Those are just vector ops from the perspective of the assembly language.
What I'm talking about is in the compute units themselves. See page 12:
https://developer.amd.com/wp-content/resources/Vega_Shader_ISA_28July2017.pdf
View attachment 172588
sALU processes Scalar instructions (loops, branching, booleans), where sGPRs are primarily booleans, but also function-pointers, the call stack, and things of that nature.
vALUs process vector instructions, which include those "packed" instructions. If we wanted to get more specific, there are also LDS, load/store, and DPP instructions going to different units. But by and large, the two instructions that constitute the majority of AMD GPUs are classified as vector, or scalar.

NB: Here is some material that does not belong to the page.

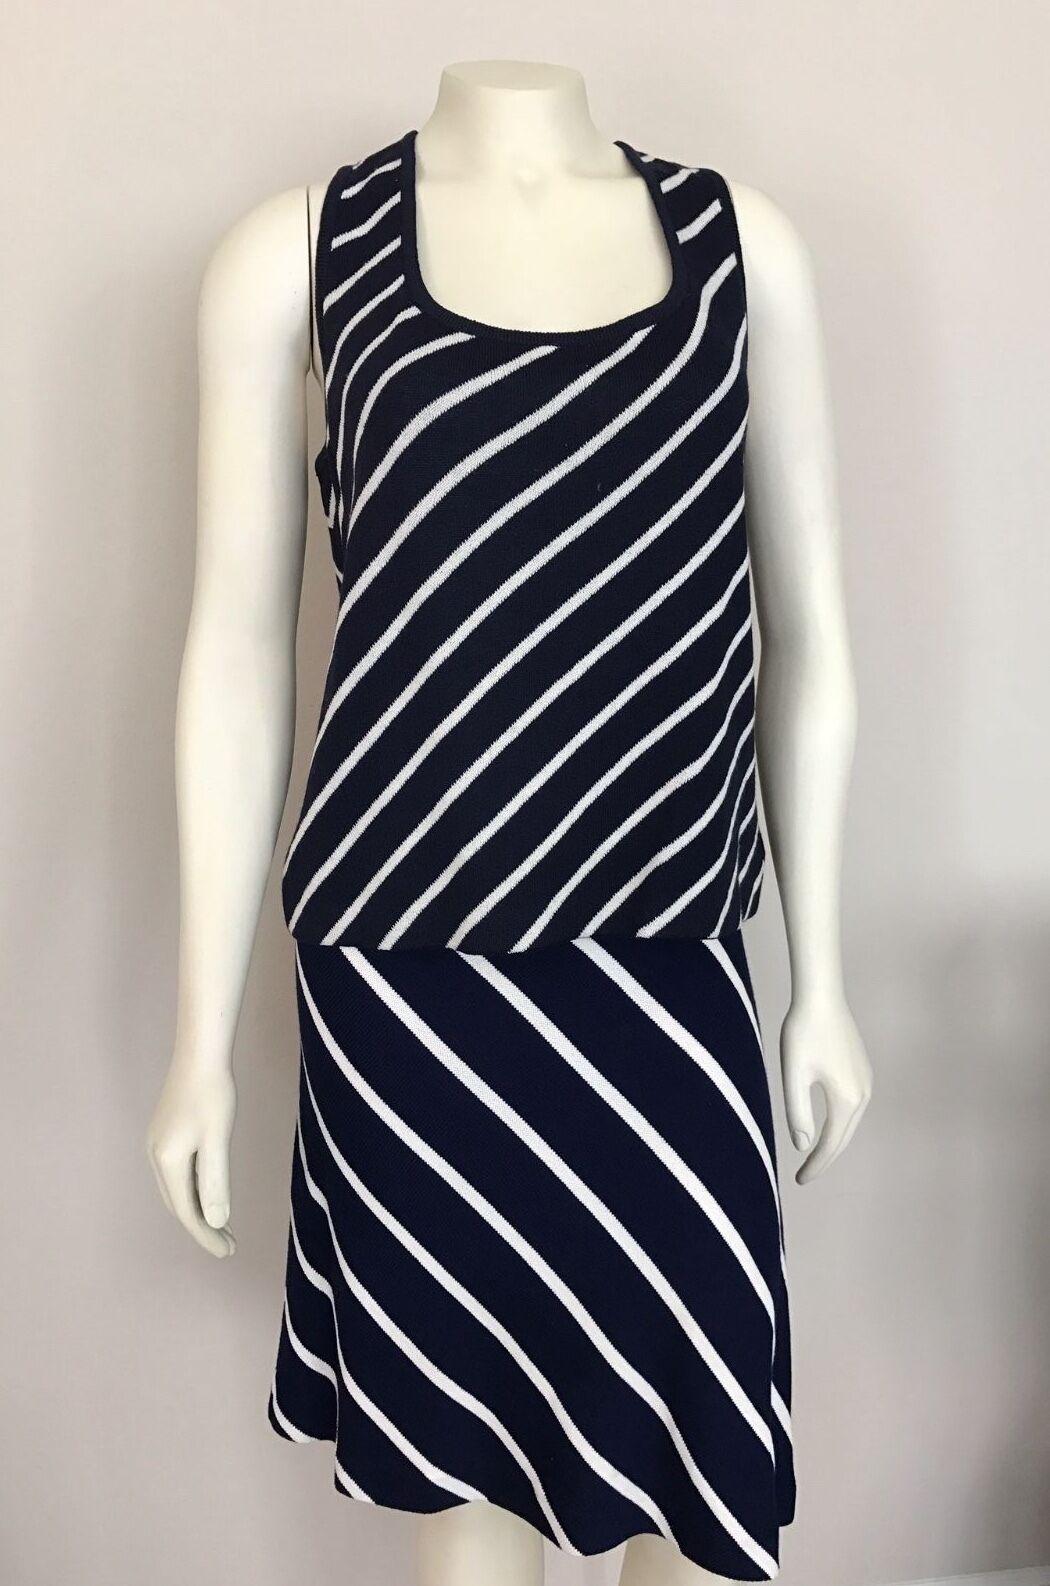 ST. JOHN Navy Blau & Weiß Diagonal Striped Tank Top Größe S & Skirt Größe 6 Set

You're right in that the fixed-function pipeline (not shown in the above diagram), in particular rasterization ("ROPs") constitute a significant portion of the modern GPU. But you can see that the command-processor is very far away from the vALUs / sALUs inside of the compute units.
AMD's command processors are poorly documented. I can't find anything that describes their operation very well. (Well... I could read the ROCm source code, but I'm not
THAT curious...)
But from my understanding: the command processor simply launches wavefronts. That is: it sets up the initial sGPRs for a workgroup (x, y, and z coordinate of the block), as well as VGPR0, VGPR1, and VGPR2 (for the x, y, and z coordinate of the thread). Additional parameters go into sGPRs (shared between all threads). Then, it issues a command to jump (or function call) the compute unit to a location in memory. AMD command processors have a significant amount of hardware scheduling logic for events and ordering of wavefronts: priorities and the like.
But the shader has already been converted into machine code by the OpenCL or Vulkan or DirectX driver, and loaded somewhere. The command processor only has to setup the parameters, and issue a jump command to get a compute unit to that code (once all synchronization functions, such as
OpenCL Events, have proven that this particular wavefront is ready to run).